Independent t-test, Pearson chi-square test statistic and Fisher’s exact test p-value reported for all variables.
The mean of all anthropometric variables for frail respondents was significantly lower compared to non-frail respondents except for height (Table 3). However, only the BMI and lean body mass variables were added into the model due to the presence of multicollinearity between BMI with WC, MUAC, CC, and %TBF. Compared to non-frail, the proportion of frail was highest among respondents with a BMI less than 18.5 kg/m2 and lowest among respondents with a BMI of 30 kg/m2 and above. The percentage of muscle wasting as assessed by MUAC and CC was significantly higher in frail respondents compared to non-frail respondents (p < 0.01).

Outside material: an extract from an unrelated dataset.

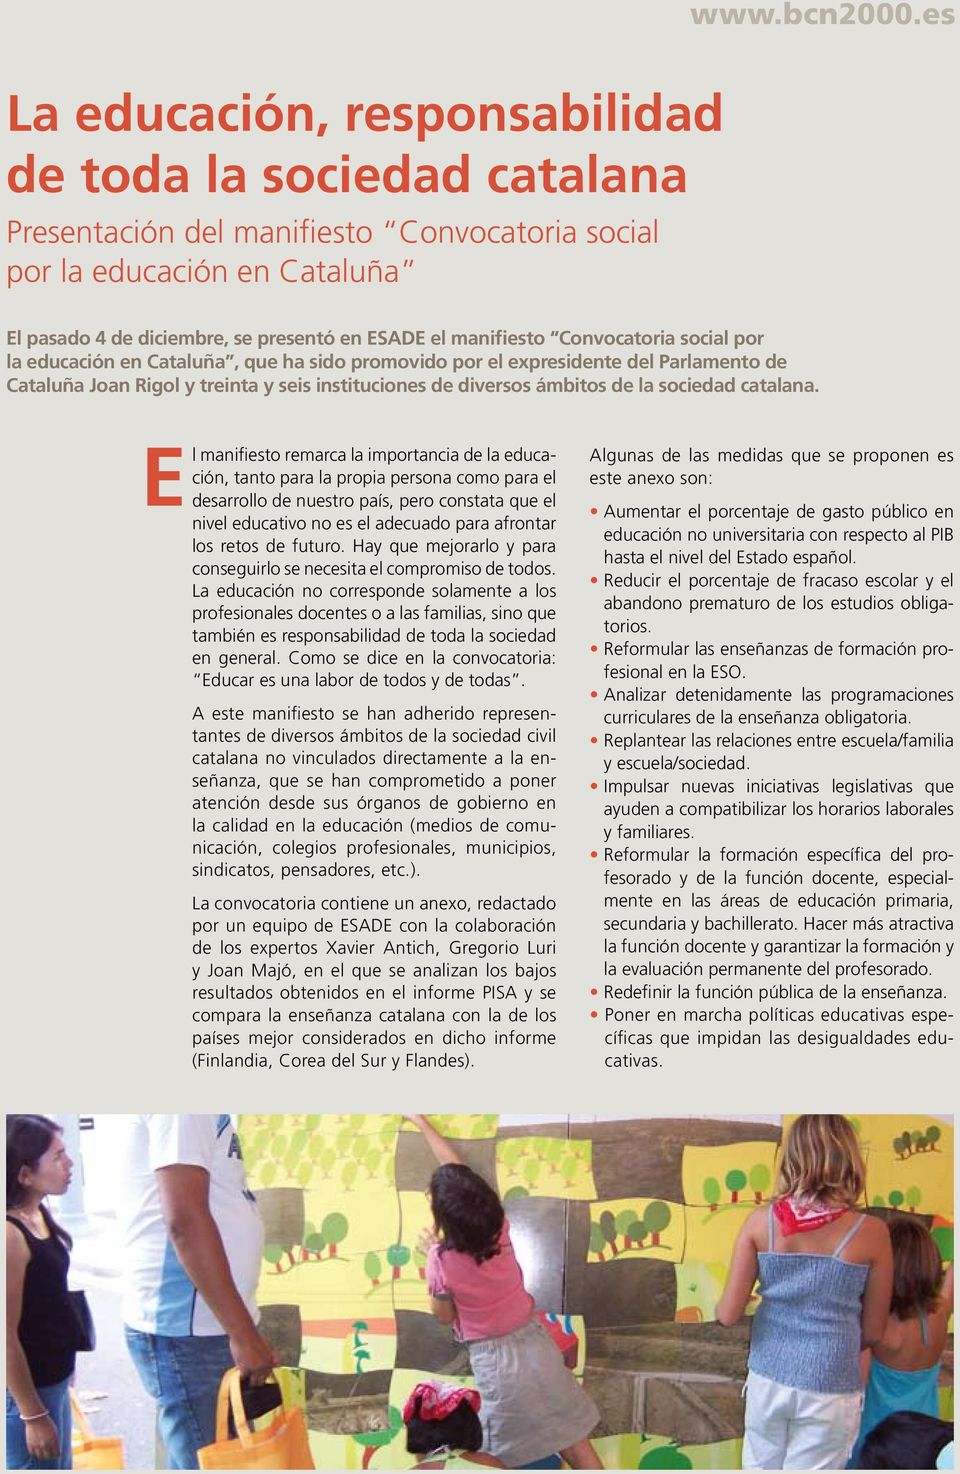 Convocatoria social por la educación en Cataluña, que ha sido promovido por el expresidente del Parlamento de Cataluña Joan Rigol y treinta y seis instituciones de diversos ámbitos de la sociedad

The factors that predict frailty syndrome among the respondents were as follows: aged 75 years old and above (p = 0.006), being unmarried (p = 0.002), history of hospitalisation in the previous year (p = 0.007), poor self-rated health (p < 0.001), and lower BMI (p = 0.018). The negative B value of BMI suggests an inverse relationship where a lower BMI is associated with a higher risk for frailty syndrome development (Table 4). The relationship of BMI and frailty does not exhibit a U-shape, with a greater frequency of frail only among those in underweight category but not in obese category.
Table 4.
Binary logistic regression for frailty syndrome and nine significant variables using ENTER method.
Modela | B | Prevalence of frail n (%) |
Odds ratio (95% CI) |
p-value |
---|---|---|---|---|
Sociodemographic and socioeconomic characteristics | ||||
Age group | ||||
60–74 years | 1.19 | 13 (25.5) | 1.00 | 0.006 |
≥75 years | 38 (74.5) | 3.29 (1.41–7.69) | ||
Marital status | ||||
Married | 1.45 | 124 (54.4) | 1.00 | 0.002 |
Unmarried (single/widowed/divorced) | 104 (45.6) | 4.25 (1.68–10.75) | ||
Educational status | ||||
Formal | 0.62 | 16 (31.4) | 1.00 | 0.157 |
Not schooling | 35 (68.6) | 1.85 (0.79–4.36) | ||
Health-related status | ||||
Poor hearing | ||||
No | 0.79 | 34 (66.7) | 1.00 | 0.082 |
Yes | 17 (33.3) | 2.20 (0.91–5.37) | ||
Appetite loss | ||||
No | 0.63 | 26 (51.0) | 1.00 | 0.126 |
Yes | 25 (49.0) | 1.88 (0.84–4.22) | ||
Hospitalisation in the previous year | ||||
No | 1.48 | 39 (76.5) | 1.00 | 0.007 |
Yes | 12 (23.5) | 4.38 (1.50–12.79) | ||
Self-rated health | ||||
Excellent/very good/good | 1.57 | 14 (27.5) | 1.00 | <0.001 |
Fair/poor | 37 (72.5) | 4.73 (2.04–10.99) | ||
Anthropometric characteristic | ||||
Body mass index | −0.124 | – | 0.88 (0.80–0.98) | 0.018 |
Lean body mass | −0.021 | – | 0.98 (0.92–1.04) | 0.465 |
CI: confidence interval.
Statistical significance at the 0.05 level (two-tailed).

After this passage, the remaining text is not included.